→ **What needs to be done**:
Copy the data exactly as it appears, and do not include any pictures.

→ **Data extract**:
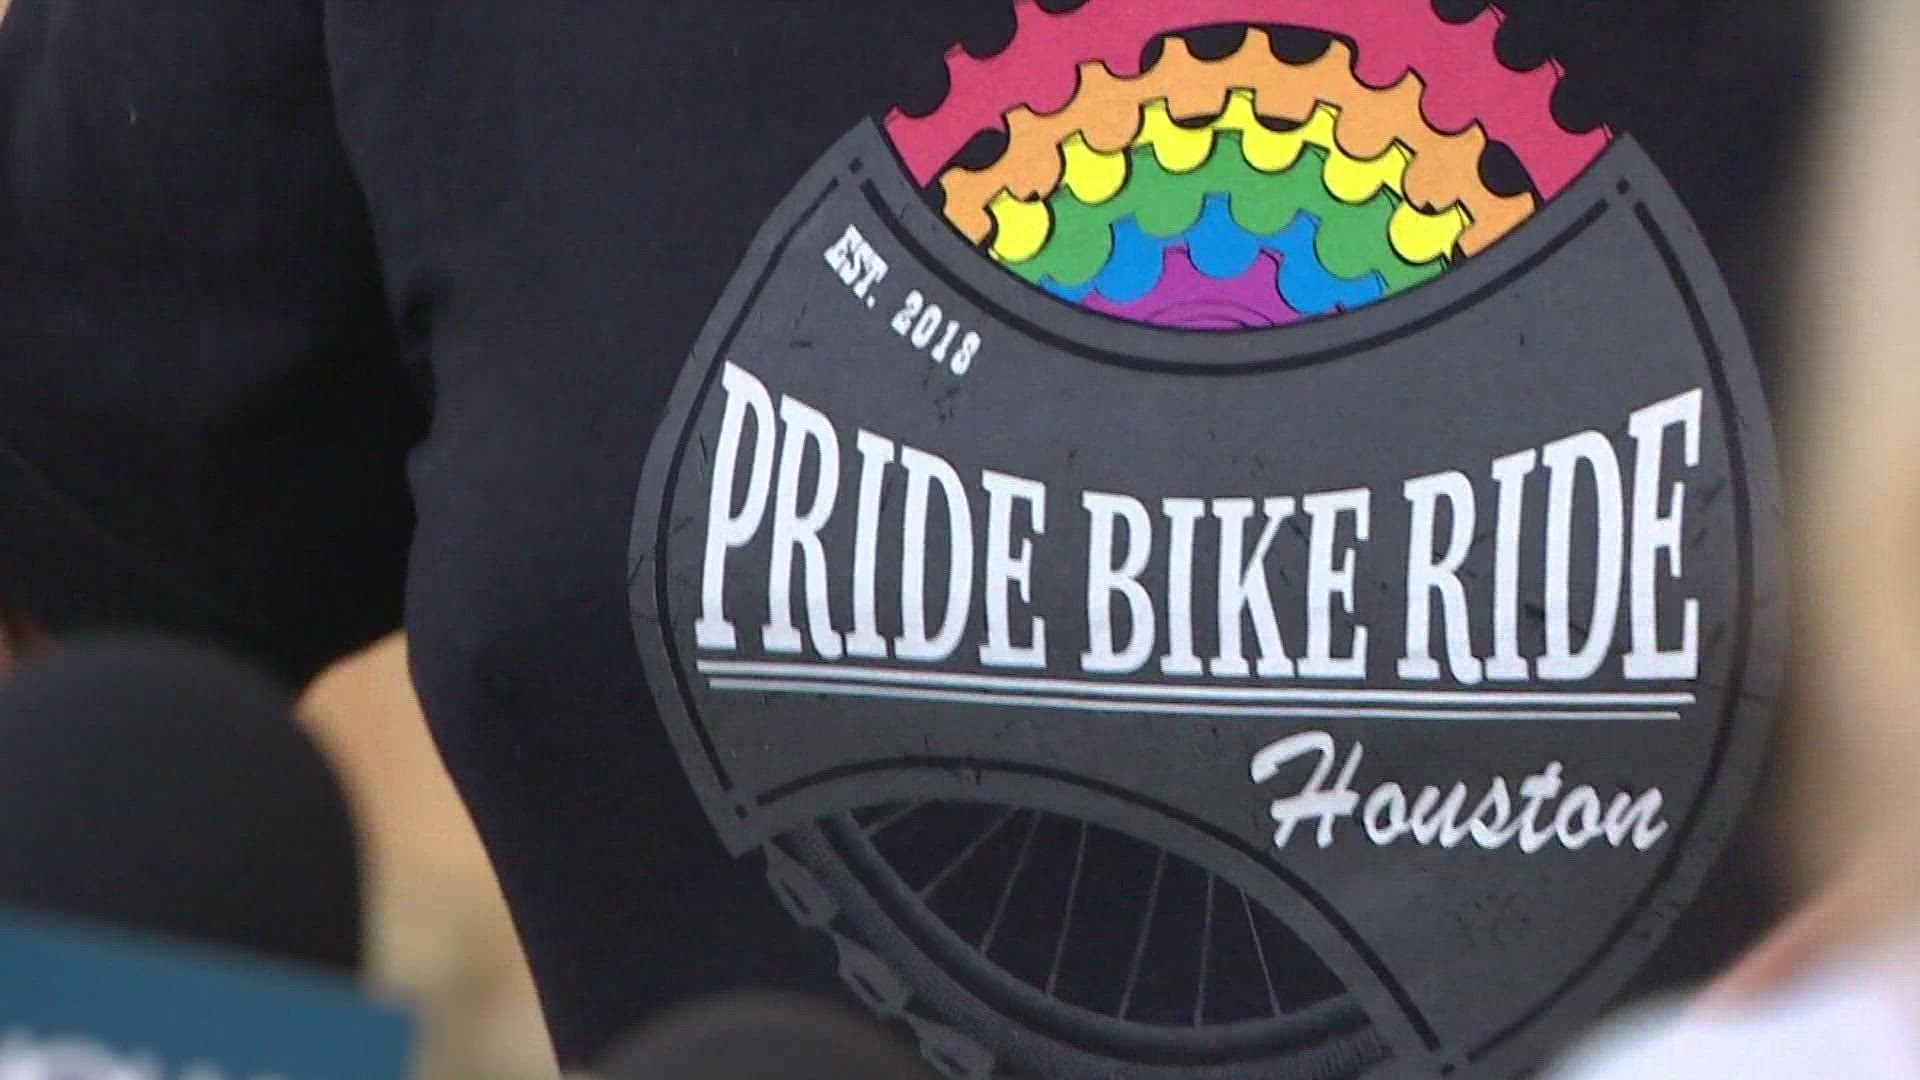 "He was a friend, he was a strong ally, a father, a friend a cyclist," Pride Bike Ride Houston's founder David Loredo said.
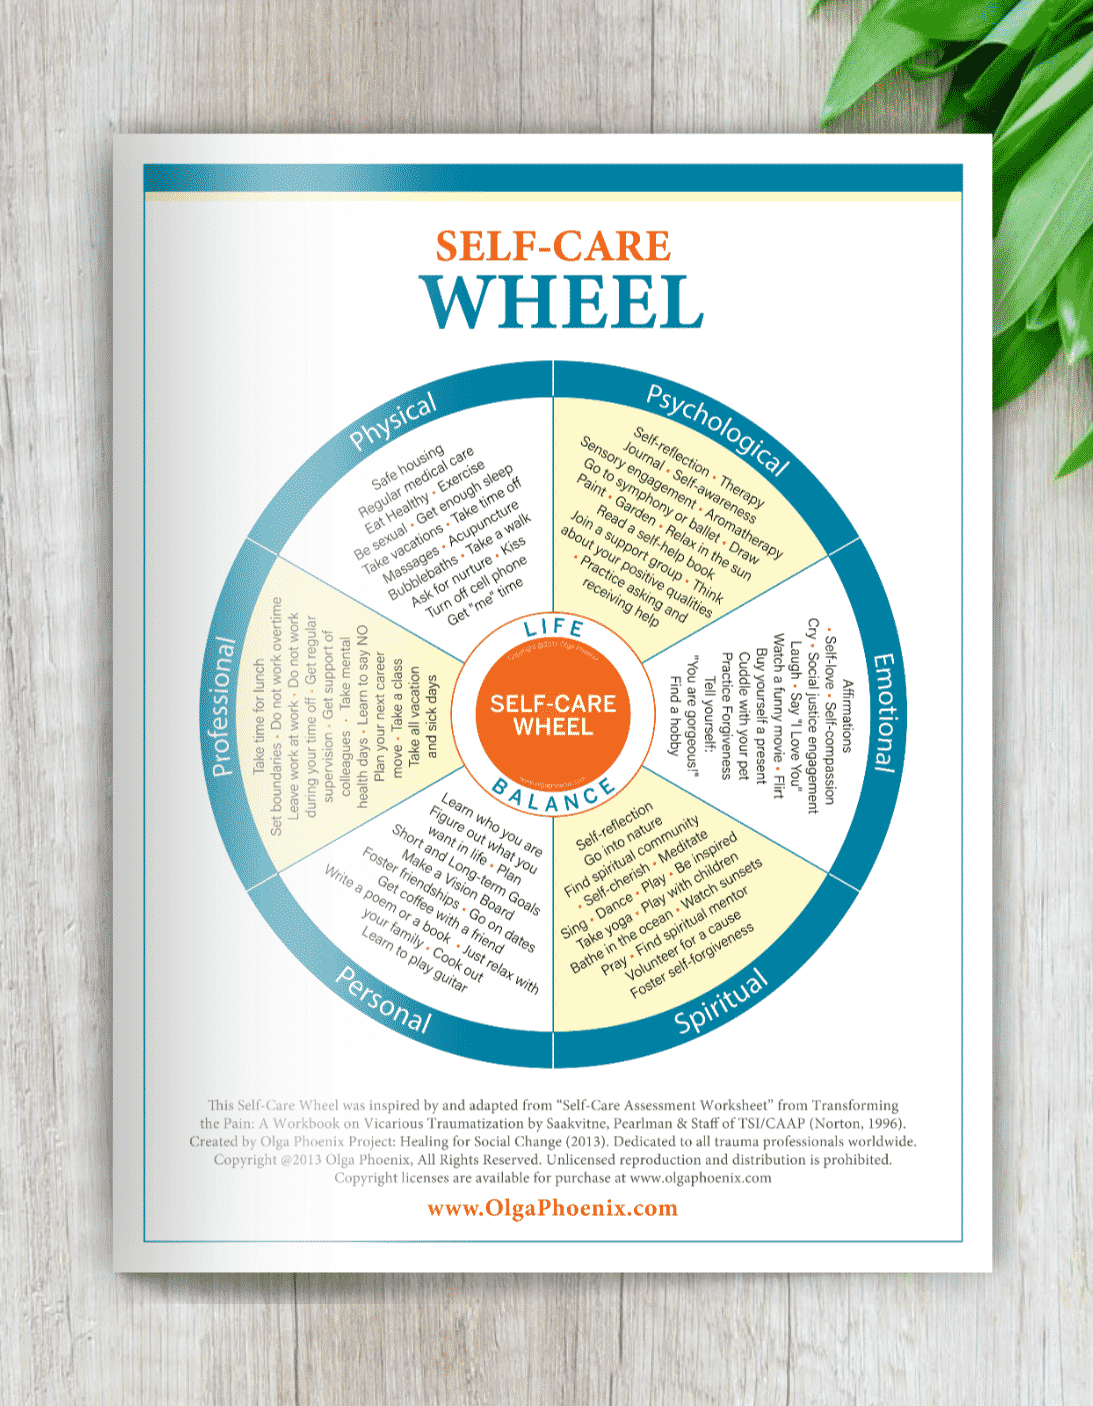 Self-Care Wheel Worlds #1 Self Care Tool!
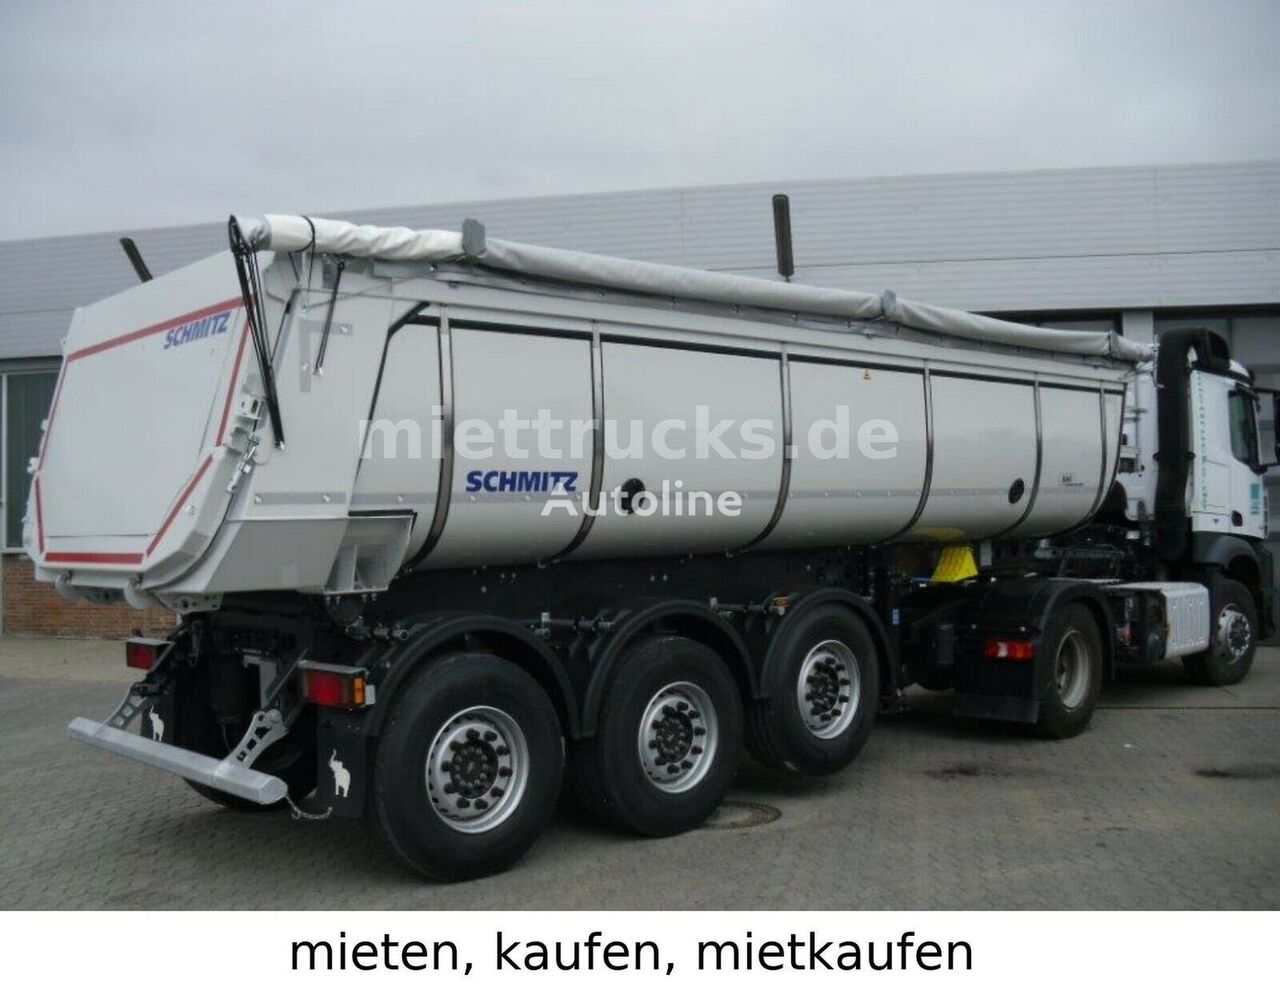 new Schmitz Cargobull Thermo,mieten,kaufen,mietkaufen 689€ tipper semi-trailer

→ **Answer to the exercise**:
 "He was a friend, he was a strong ally, a father, a friend a cyclist," Pride Bike Ride Houston's founder David Loredo said.
 Self-Care Wheel Worlds #1 Self Care Tool!
 new Schmitz Cargobull Thermo,mieten,kaufen,mietkaufen 689€ tipper semi-trailer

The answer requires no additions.